In 2008, EPA issued a rule that would relax certain recycling restrictions as being counterproductive because they subjected legitimate recycling practices to stringent RCRA hazardous waste regulation. One of the stated goals of RCRA is to promote legitimate recycling activities, but this has been a very difficult task for the EPA in view of the statutory definition of solid waste.

With the change of Presidential administrations, the 2008 rule was reviewed by the new officials at EPA and, in 2015, EPA’s revised RCRA recycling rules were issued, which considerably tightened the standards. The revised RCRA recycling rules were published at 80 F.R. 1694 on January 13, 2015. These rules were challenged by industry, and a number of environmental organizations which argued that EPA still went too far in relaxing its rules.
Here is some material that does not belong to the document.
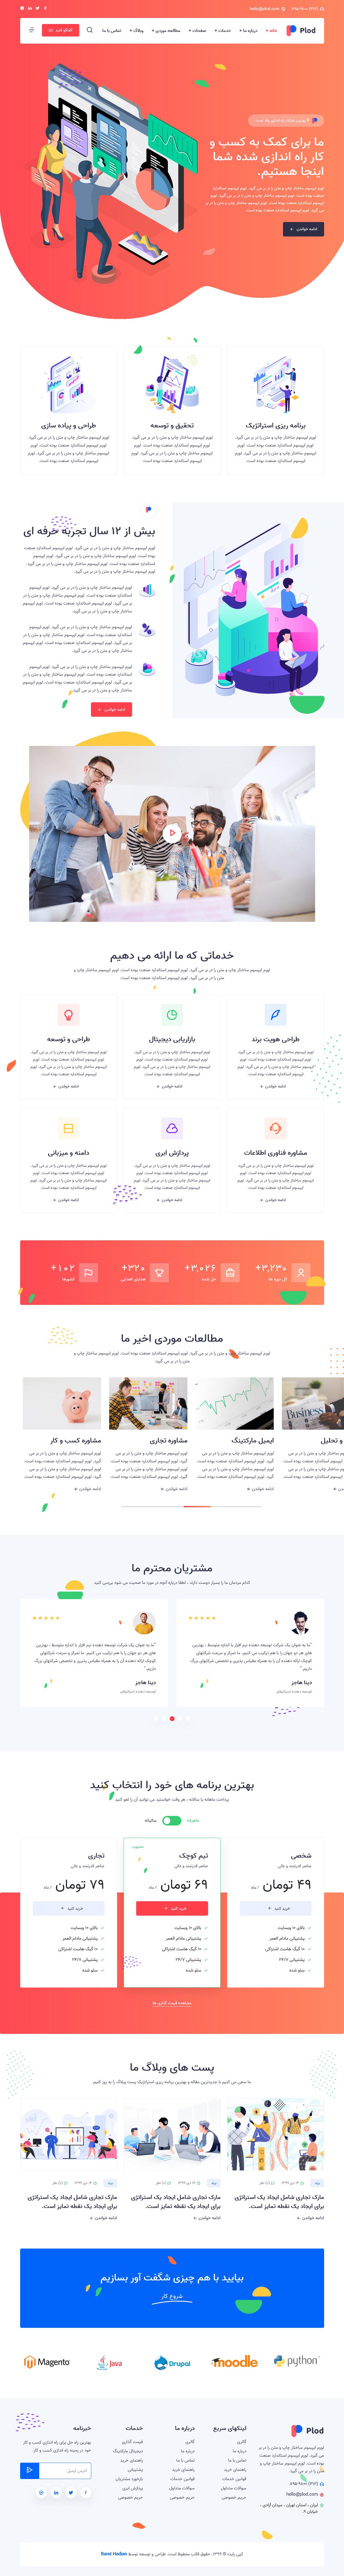 قالب HTML دیجیتال مارکتینگ plod

In essentially a 2 to 1 decision, the Court of Appeals (a) upheld most of EPA’s new “legitimate recycling criteria,” set forth at 40 C.F.R. § 260.43(a), except for factor 4 which the Court of Appeals held imposed unacceptably “draconian” conditions on recyclers; (b) vacated the Verified Recycler Exclusion set forth at 40 C.F.R. § 261.1(a)(24) with some exceptions; with some exceptions; (c) reinstated the 2008 “Transfer-based Exclusion” and vacated a recycling bar that affected spent catalysts. The arguments of the environmental petitioners were rejected, as was industry’s argument, mistaken according to the Court of Appeals , that the legitimacy factors should also be vacated as to Used Oil Recycling. The Court of Appeals describes secondary materials as “substances generated as the remainder of industrial processes: they include spent materials, byproducts and sludges.” The EPA’s 2008 rule excluded recyclable hazardous secondary materials from the definition of solid waste if the company that generated the material controlled the recycling processes or if the generating company transferred the materials to a third party off-site recycler it had carefully audited to ensure compliance with appropriate recycling practices.
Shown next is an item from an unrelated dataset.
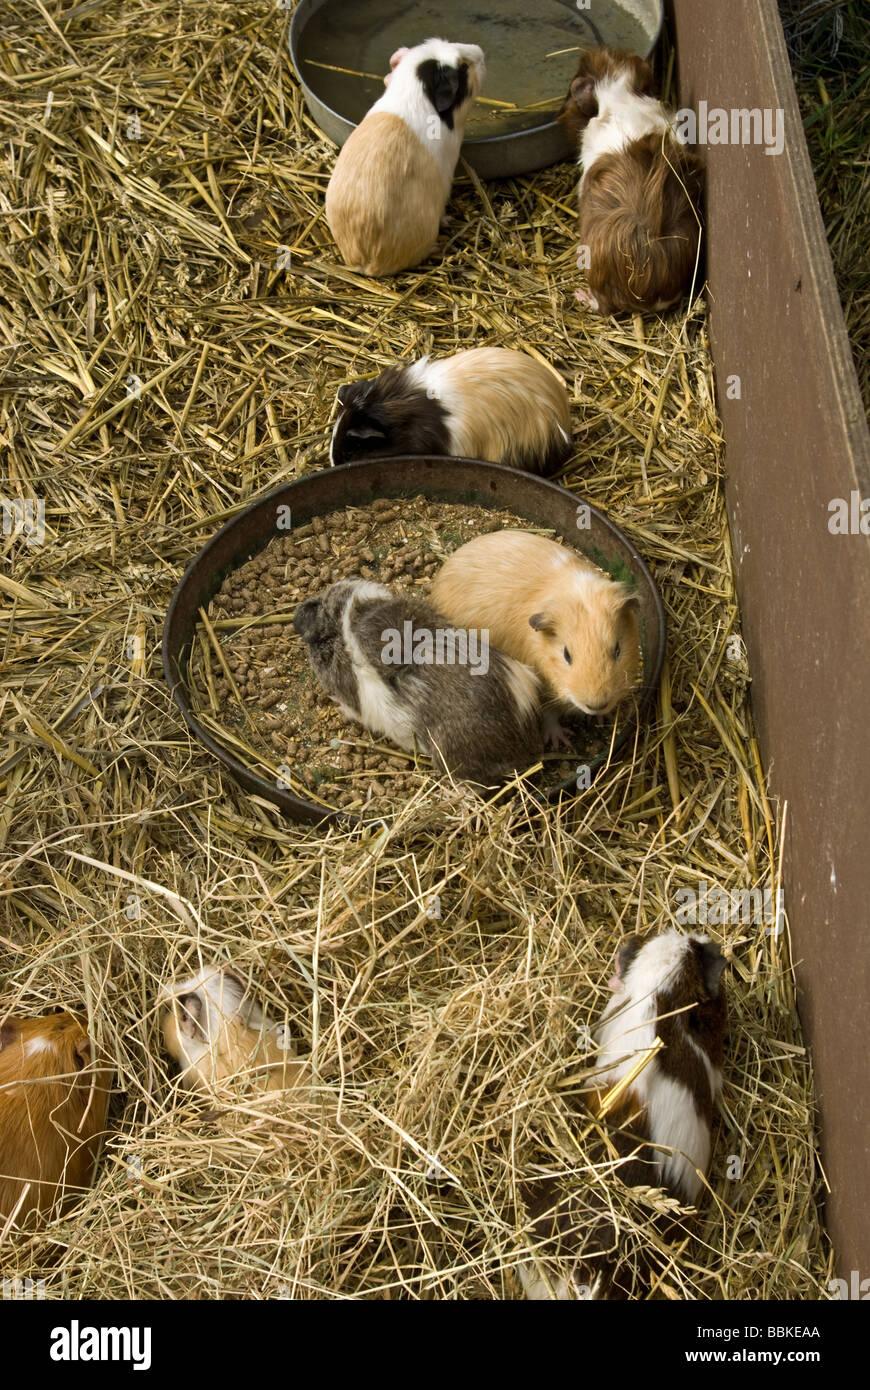 A family of Guinea Pigs enjoy feeding time - Stock Image

The replacement rule issued in 2015 made a number of changes to the 2008 rule, but only four were litigated:

  1. the revision and expansion of the ”legitimacy factors” EPA uses to police “sham recycling” operations that are in truth another way to dispose of discarded materials;
  2. making “spent catalysts amenable to its own exclusion from strict RCRA hazardous waste regulation;
  3. deferring for another time whether to subject all previous regulatory exclusions (of which there are more than twenty) to the new 2015 conditions; and
  4. replacing the 2008 Transfer-based exclusion with the “Verified Recycler Exclusion.”

According to the Court of Appeals, all the parties agreed that some form of legitimate third party reclamation would be consistent with the statute, but EPA’s new advance administrative approval requirements were not adequately justified as required by the Administrative Procedure Act and many decisions of the DC Circuit.